The computer performs the addition by sending the two numbers to the Arithmetic and Logic Unit (ALU), as seen in Figure 14. It therefore takes the result obtained in the UAL and stores it in the Y address, as shown in Figure 15.


In the case of computers with instructions to a single address, the program becomes longer since it is necessary to first change the desired data, here the first term of the addition, in the accumulator.

For that, we use a new instruction which carries out the displacement, it is the instruction :


English word meaning "Charger". The first instruction of the program will be :


that the computer interprets :

Load in the accumulator A the data contained in the memory location whose address is Y.

The situation before execution of the instruction is shown in Figure 16, whereas that in Figure 17 shows the state of the accumulator and the memory after execution.


After having transferred the number 164 into the accumulator, that is to say after having carried out the instruction LOAD A, Y, the addition instruction ADD X can be executed.
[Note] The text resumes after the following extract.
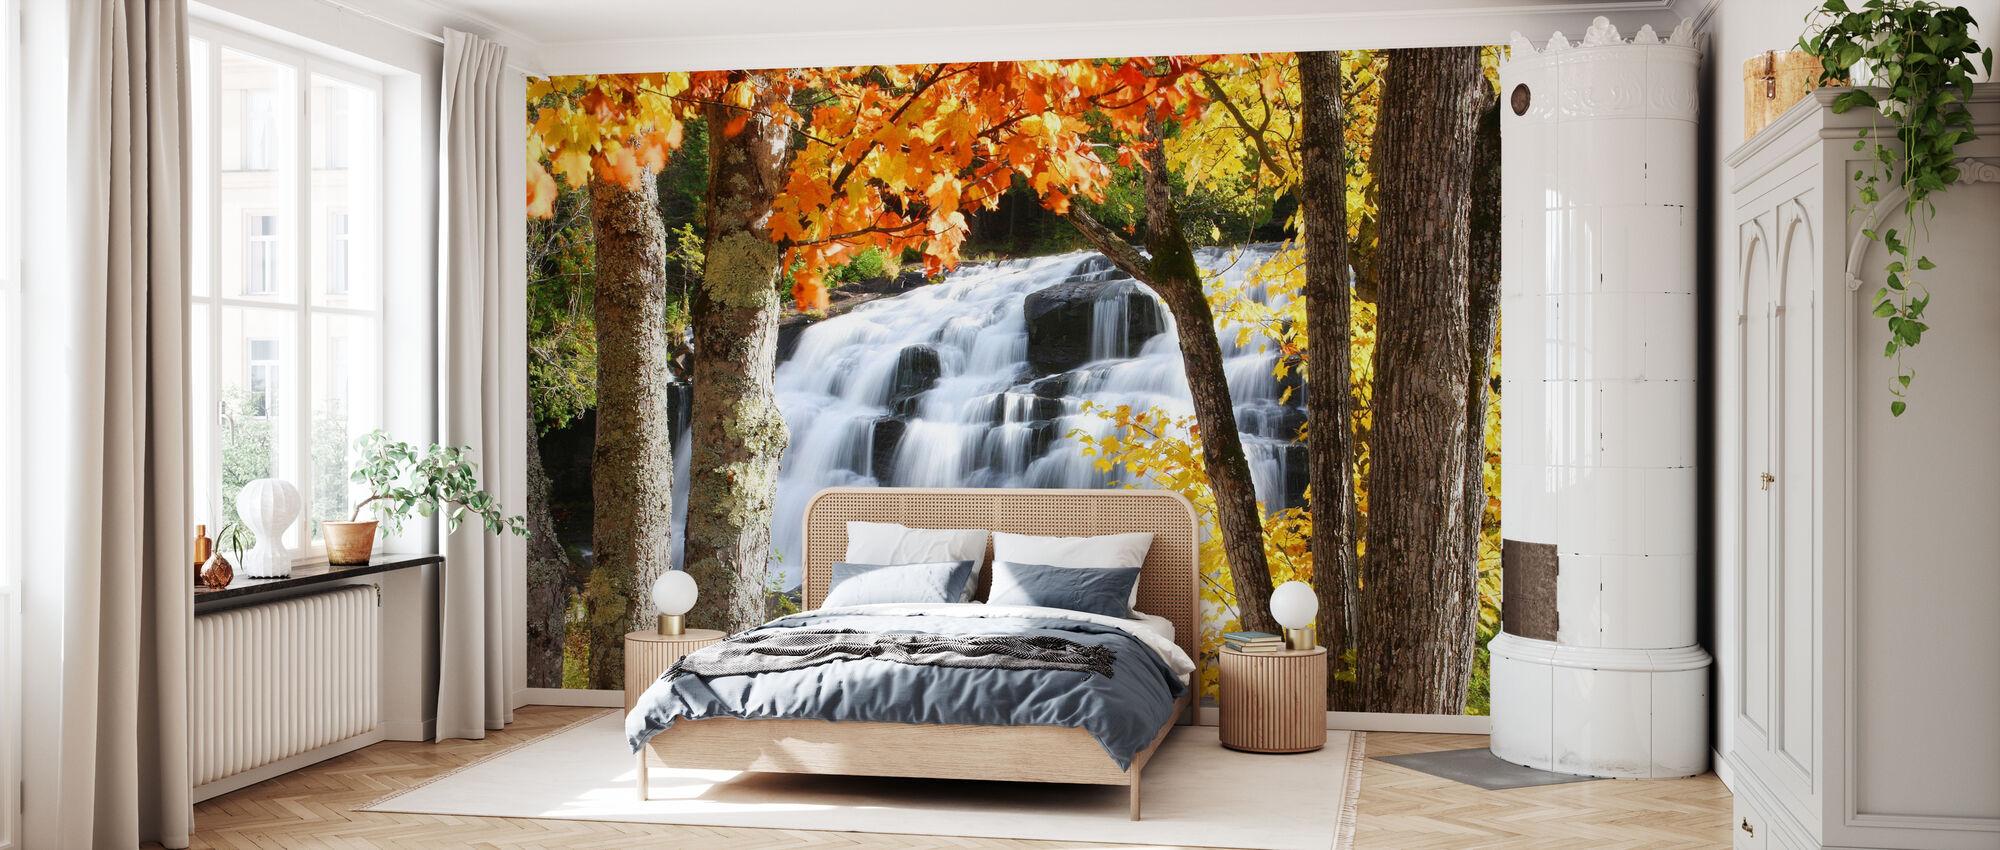 Bond Falls dressed in Autumn colors - Wallpaper - Bedroom

The computer sends to the UAL the number contained at address X (Figure 18) which adds it to the contents of the accumulator ; the result is stored in the same accumulator (Figure 19) thus taking the place of the first member of the addition (164) that was there.
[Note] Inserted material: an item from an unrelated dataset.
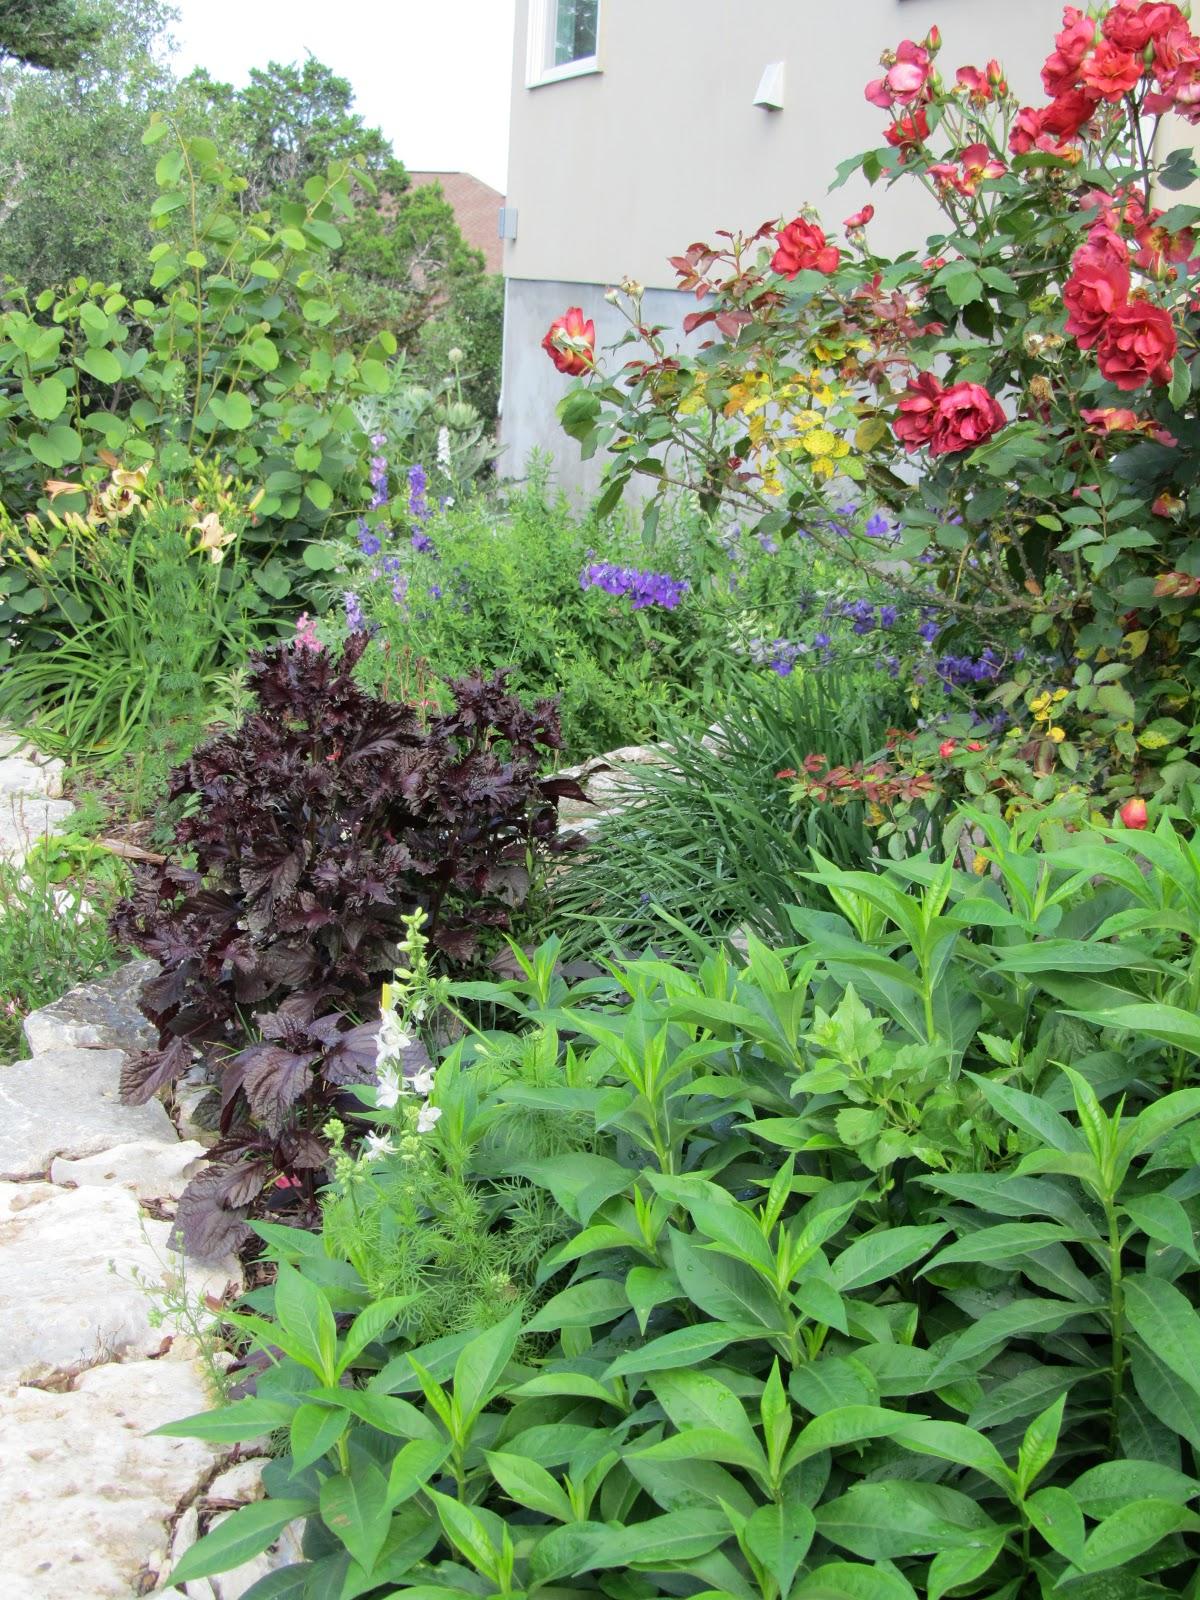 Hastypearl: May Garden In South Central Texas on hosta and daylily garden, hosta and caladium garden, hosta garden plans blueprints, hosta and hydrangea garden,

Now, if we want to obtain the same situation as that which exists in computers using instructions with two addresses, that is to say here that the result of the addition is stored at the address Y, it is necessary to use another instruction.

It must transfer the result of the sum contained in the accumulator to the address memory location Y, it will be indicated as follows :


that is to say :

load the contents of the accumulator into the address memory cell Y.

In this way, we obtain the situation of Figure 20.


In the light of what we have just seen, we see that the single-address instruction of the type ADD X takes less space in memory than a statement with two addresses of the type ADD X, Y but the number memory cells needed to perform the complete program of addition of the two given numbers is much larger in the first case.


We have seen how a simple addition of two numbers asks the computer for different steps and moving data from the CPU to the memory and vice versa.

It takes a certain time for each move, in addition, the corresponding instruction (LOAD A, Y or LOAD Y, A) must contain the address of the memory cell in question.

To speed up these operations, many computers, among others the most advanced 8 bits microprocessors (Z80, 8080, etc.) have some internal registers to the CPU ; the computer can access it more easily and quickly.


In this lesson, we have seen the organization and general functioning of the computer. In particular, we have observed how UC works with memory.

In this one, there is the program which indicates to the microprocessor which operations it must carry out ; in addition, it contains the data to be processed.

Each program is divided into successive steps, called instructions. The type and number of possible instructions determine the power of the computer.

By following the different phases of the program, we saw what were the fundamental elements of the CPU and their operation was described in a basic way by sentences of the following type : "the data is transferred from the memory to the accumulator or the UAL adds the two numbers and stores the result in the accumulator".

For this to work, there must be a group of circuits which distributes the orders to the different organs, this is the role of the Control Unit, as shown in Figure 21 on which the CPU is represented.


It should be known that this organization is only an example and that there are other variants. In addition, the operation of the CPU is not so simple, as we have seen so far ; in addition to the registers considered, there are others which will be discussed in the following lessons.